Dancing Stars-Kandidatin Eser Ari-Akbaba

ORF.at/Sonia Neufeld

Wien ist ihre Heimat, die Türkei kennt Eser nur von jährlichen Besuchen

Heute ist sie der Meinung, es wäre besser gewesen, statt Deutsch zuerst die Muttersprachen ihrer Eltern zu lernen, denn Zazaisch versteht sie zwar, spricht es aber kaum. Ihr Türkisch hat sie vor allem dank ihres Ehemannes Serkan perfektioniert, der - genau wie sie - türkische Wurzeln hat. Eines will die Moderatorin, die als Paradebeispiel gelungener Integration gilt, klarstellen: „Ich bin keine Migrantin! Ja, ich habe einen Migrationshintergrund, aber ich bin Wienerin. Ich kenne die Türkei nur als Urlaubsland.“

Spieglein, Spieglein an der Wand

Versetzt sich die 37-Jährige gedanklich in ihre Kindheit in Wien-Simmering zurück, erkenne sie frühe Vorboten ihres beruflichen Werdegangs. „Ich war immer vor dem Spiegel, immer. Ich hab‘ irgendetwas in die Hand genommen und gesprochen. Ich weiß nur nicht mehr, was.“ Heute träumt die Wettermoderatorin von einer eigenen Sendung. Obwohl sie neben Publizistik noch Politikwissenschaft und Ethnologie studiert hat, wolle sie aber nicht als Politjournalistin arbeiten. „Ich glaube, dass ich ein Entertainer-Typ bin und das sagen auch viele. Ich gehöre in die Unterhaltung.“ Das Angebot, die „Zeit im Bild“ zu moderieren, würde Eser aber dennoch nicht ablehnen, gibt sie augenzwinkernd zu.

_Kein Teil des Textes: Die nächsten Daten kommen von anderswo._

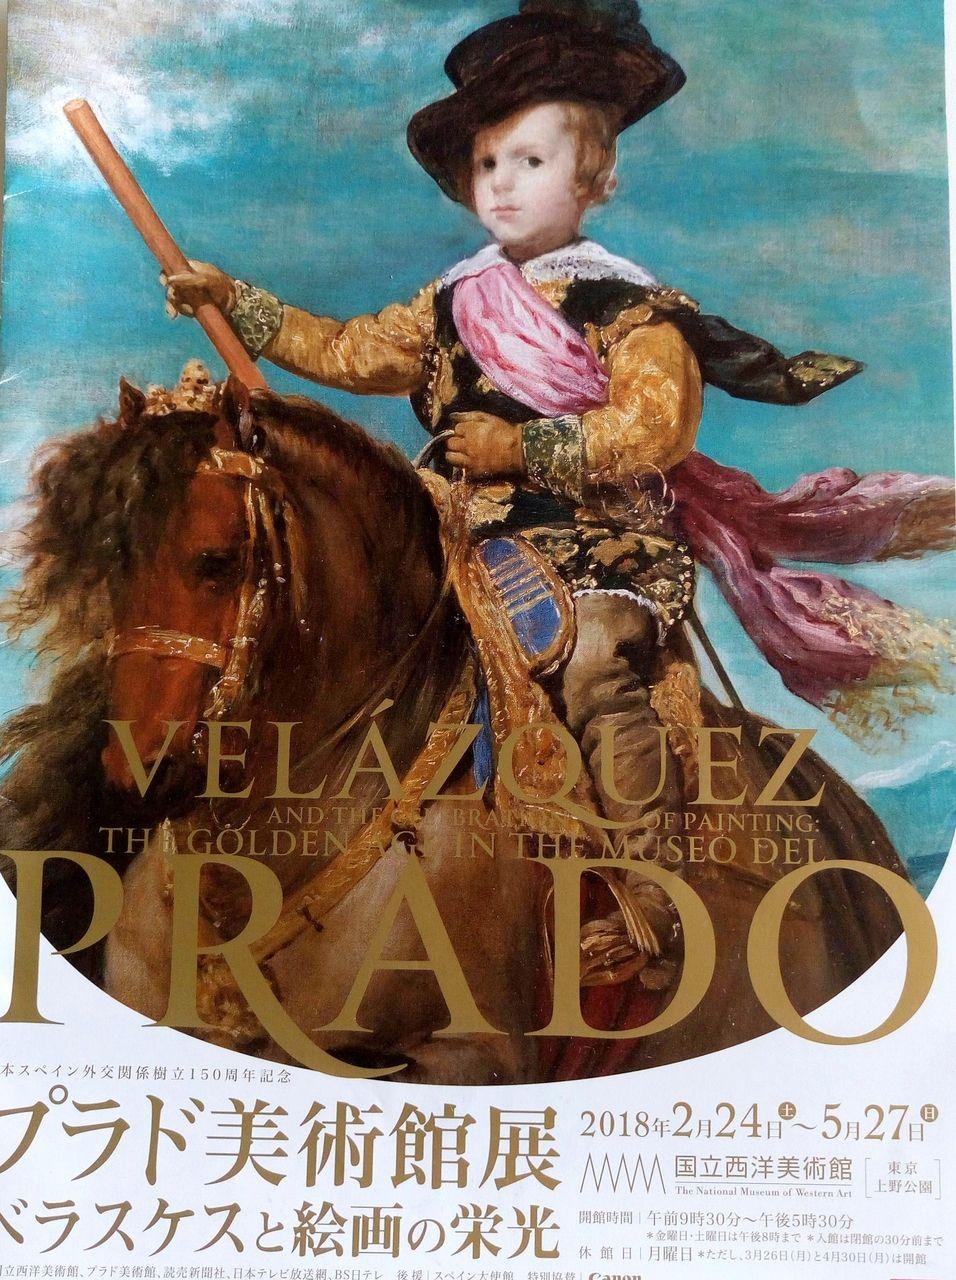 プラド美術館王太子バルタサール・カルロス騎馬像

Dancing Stars-Kandidatin Eser Ari-Akbaba

ORF.at/Sonia Neufeld

„Man sieht mich bei ‚Dancing Stars‘ von einer ganz anderen Seite“

„Dancing Stars“ sieht sie als gute Gelegenheit, sich dem österreichischen Fernsehpublikum auch einmal abseits der Wetterkarte zu präsentieren: „Von einer Minute Wettermoderation kennen mich die Leute nicht, da kann ich nicht sehr viel hergeben.“ Und für potenzielle zukünftige Enkelkinder wolle sie schließlich Geschichten parat haben, die sie ihnen erzählen könne, „und was gibt es da Besseres, als bei ‚Dancing Stars‘ mitgemacht zu haben? Es ist immerhin die meist gesehene Sendung im Land.“

„Ich entdecke plötzlich Farben“

Das stundenlange Training scheint Eser - trotz gebrochener zehnter Rippe - jedenfalls kaum etwas auszumachen, zeige aber bereits Wirkung. „Ich hab‘ plötzlich eine urtolle Haltung!“ Entgegen allen Erwartungen habe sie auch Gefallen an den knalligen Farben der Kostüme gefunden, „voll geil“ fände sie diese mittlerweile. „Ich ziehe immer eher dunkle Sachen an, bin eigentlich ein graues Mäuschen - bis auf die Haare. Und jetzt entdecke ich plötzlich Farben.“ Um ihre Figur muss sich die Moderatorin übrigens keine Sorgen machen, dank guter Gene, wie sie meint: „Danke, Mami“, sagt Eser lächelnd und beißt genüsslich in einen Post-Trainings-Punschkrapfen.